The partnership will enable the two firms to validate equipment, infrastructure, technologies and processes that would help transform surface and underground mining operations. Caterpillar will also deliver an automated haulage fleet of up to 16 for deployment at Newmont-operated Cripple Creek and Victor mine in Colorado, US, through 2023.


Newmont president and CEO Tom Palmer said: “A year ago, Newmont announced industry-leading emission reduction targets because we understand the human contribution to climate change. We followed with a commitment to invest $500m over five years to identify pathways forward as we firmly believe that we must make bold, lasting commitments to achieve the necessary change for a bright, healthy future.”

10 november | uranium

Uranium Energy to take over Uranium One Americas


Uranium Energy (UEC) has agreed to acquire Uranium One Americas (U1A) in a deal that will result in the formation of the largest US uranium mining company. The deal consideration includes $112m in cash and the replacement of $19m in reclamation bonding.


U1A owns seven uranium projects in the Powder River Basin and five projects in the Great Divide Basin, all located in the US state of Wyoming. The company is a unit of Canadian uranium company Uranium One, which itself is a part of Russia’s state atomic energy firm Rosatom and is said to be the fourth-largest uranium producer worldwide.


UEC CEO Amir Adnani said: “The opportunity to acquire an advanced asset base of this quality from one of the global leaders in the nuclear energy sector is highly rare in the uranium sector anywhere in the world, let alone in our own home jurisdiction of the United States. The purchase price is equal to only 12% of our current enterprise value, yet the acquisition doubles the size of our production capacity in three key categories: total number of permitted US ISR projects, resources, and processing infrastructure.”


“Combined with our physical uranium holdings of 4.1Mlb of U.S. warehoused uranium, we now have the unparalleled ability to provide reliable domestic supply to the U.S. Uranium Reserve, as well as re-emerging demand from American and global nuclear utilities.”

In brief

IG Lithium seeks partner for US brine lithium project


The IG Global Group is looking for a strategic partner for the development of the Panamint Playa Brine Lithium Deposit, which is located in a closed basin in a unique geological setting just west of Death Valley, in the US state of California.

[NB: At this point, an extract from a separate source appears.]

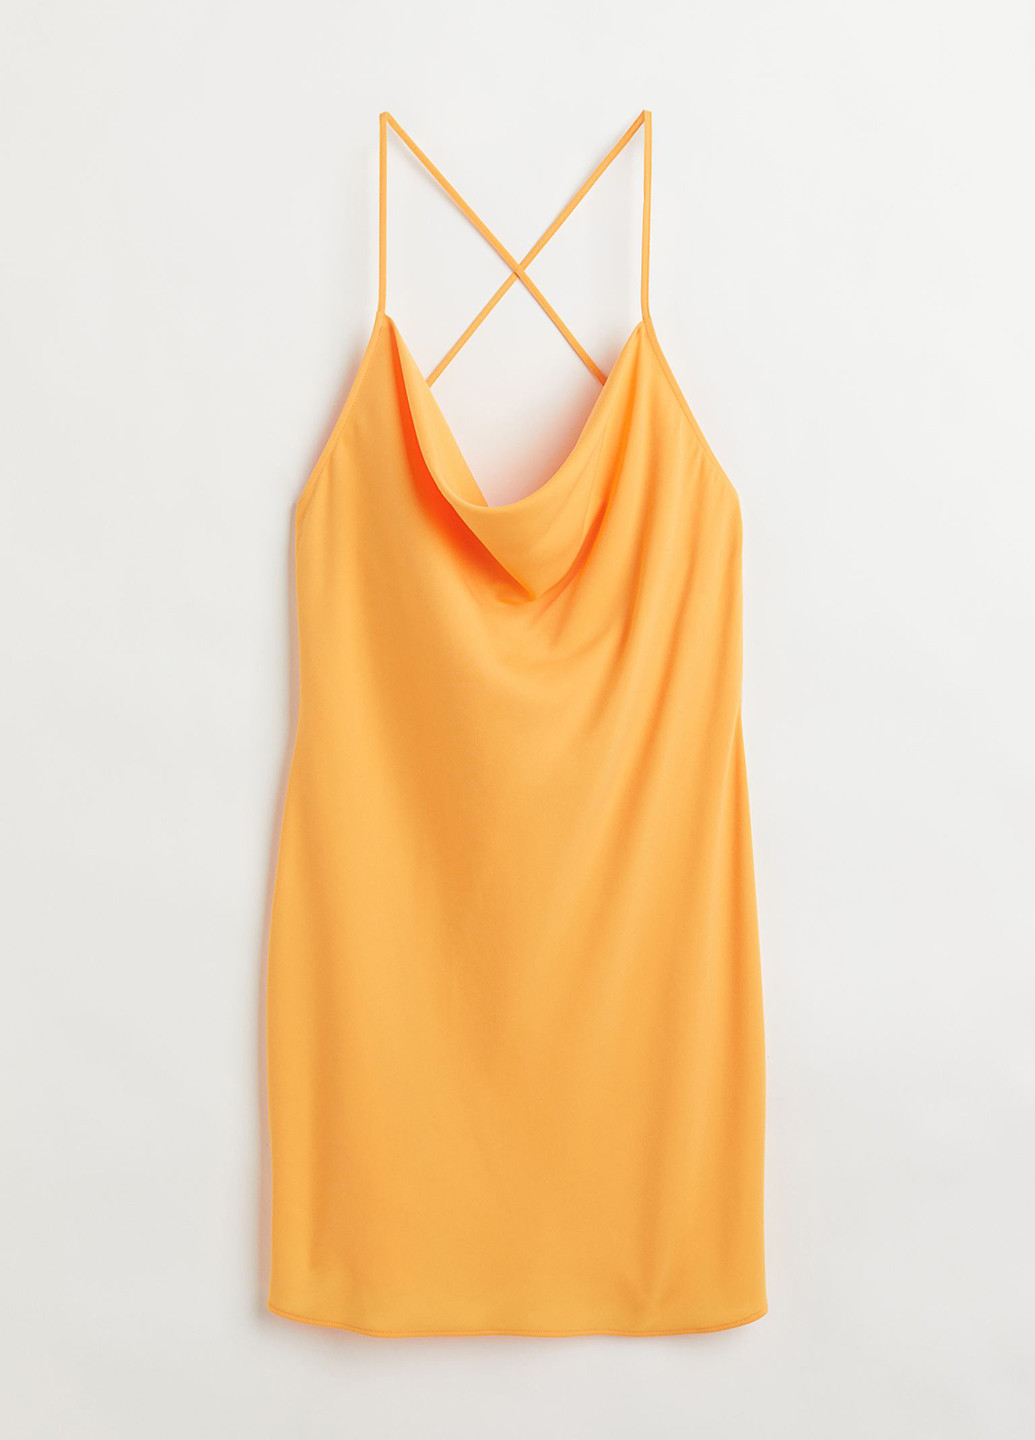 Желтое коктейльное платье платье-комбинация, с открытой спиной H&M однотонное
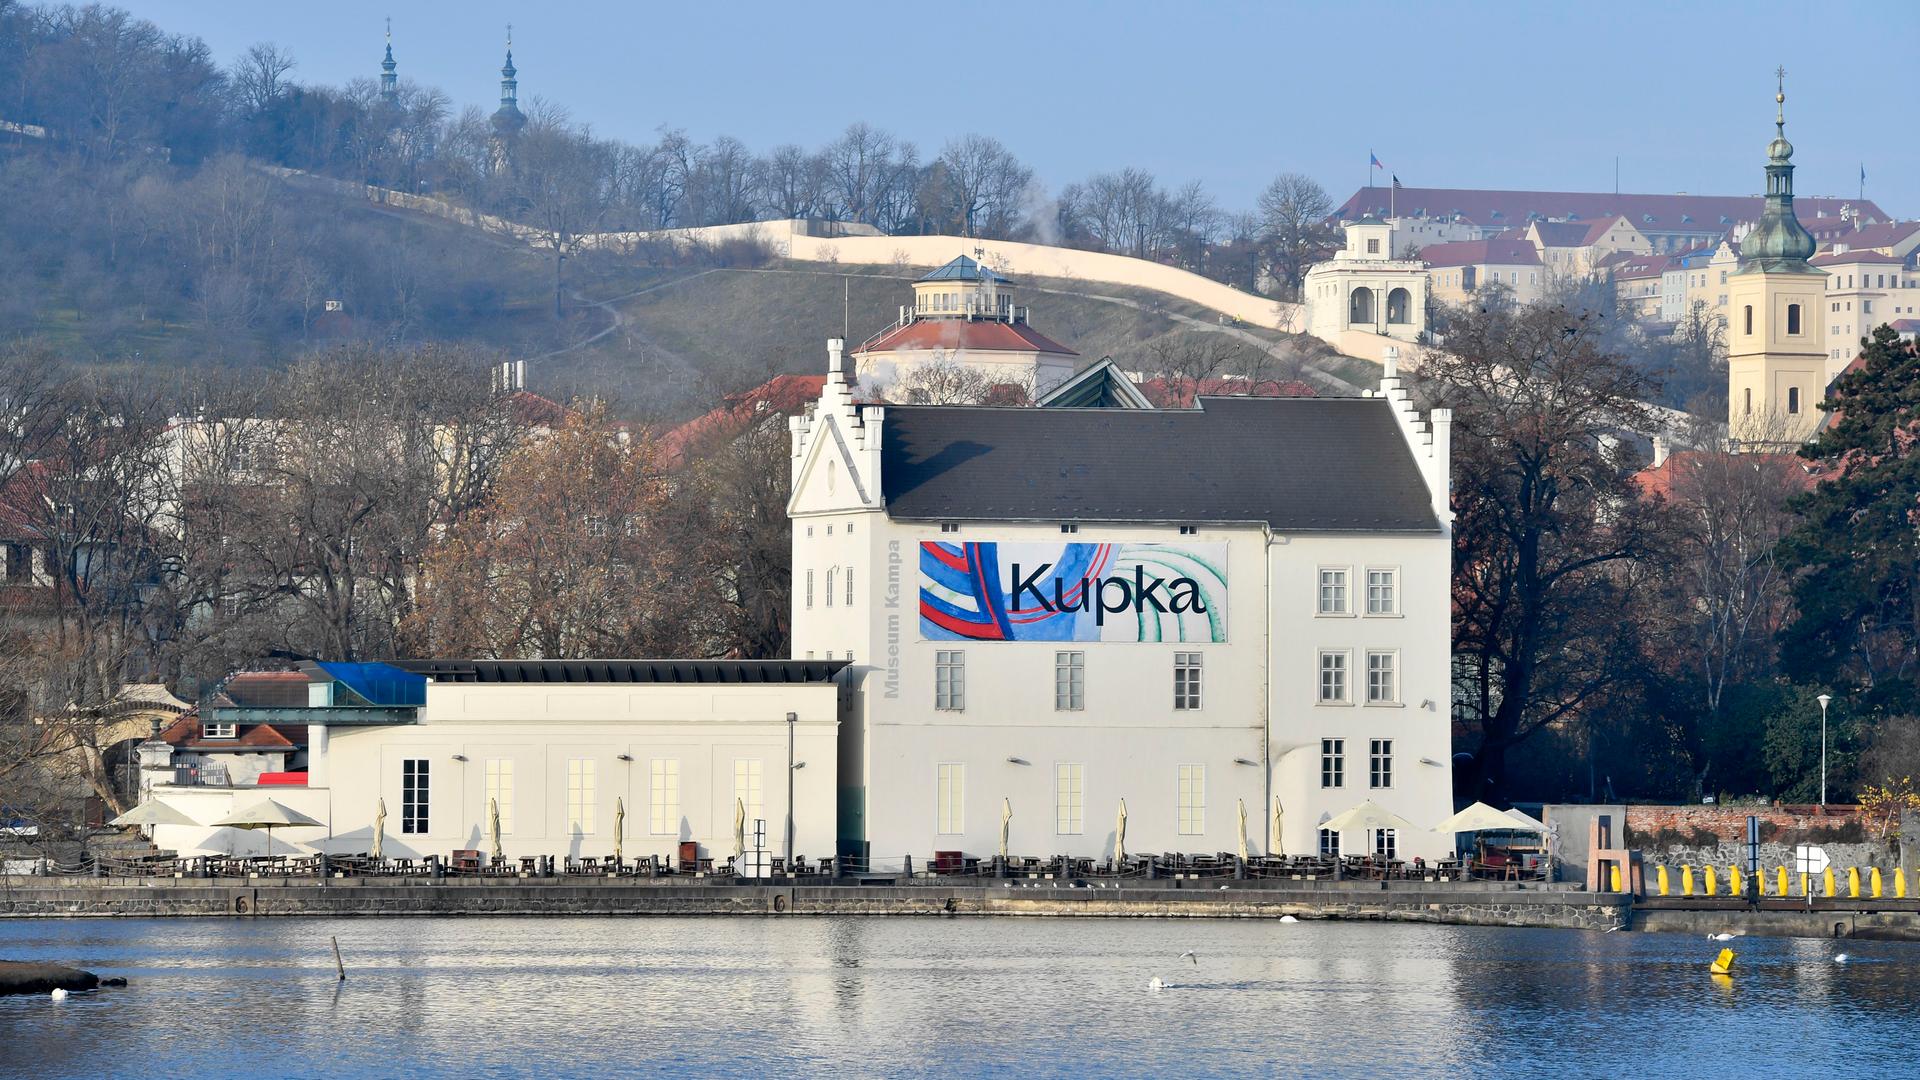 Das Museum Kampa am Ufer in Prag wirbt mit einem plakat für die ständige Ausstellung der Werke von Frantisek Kupka

Canterra acquires four Newfoundland mineral properties from NorZinc


Canadian firm Canterra Minerals has finalised the acquisition of four resource staged projects in central Newfoundland, Canada, from NorZinc: the South Tally Pond / Lemarchant Project, the Tulks South Project, the Victoria Mine, and the Long Lake Project.

Bowen obtains funding to restart Bluff coal mine in Australia


Bowen Coking Coal has closed an $8m (A$11m) placement and received a $10.9m (A$15m) debt facility from a private credit institution to enable the restart of Queensland’s Bluff Mine, following the signing of a deal last month to acquire the mine from mining contractor MACA for A$5m.

Eramet teams up with Tsingshan to build $400m lithium plant


French miner Eramet has teamed up with China’s Tsingshan Holding Group to build a $400m lithium plant in Argentina, following soaring demand for the metal and a sharp tightening of the market-leading prices to reach record levels in China.

ALROSA launches project to convert its vehicles to natural gas


Russian miner ALROSA has launched a project to convert its vehicles from gasoline and diesel to natural gas to cut greenhouse gas emissions and boost economic efficiency.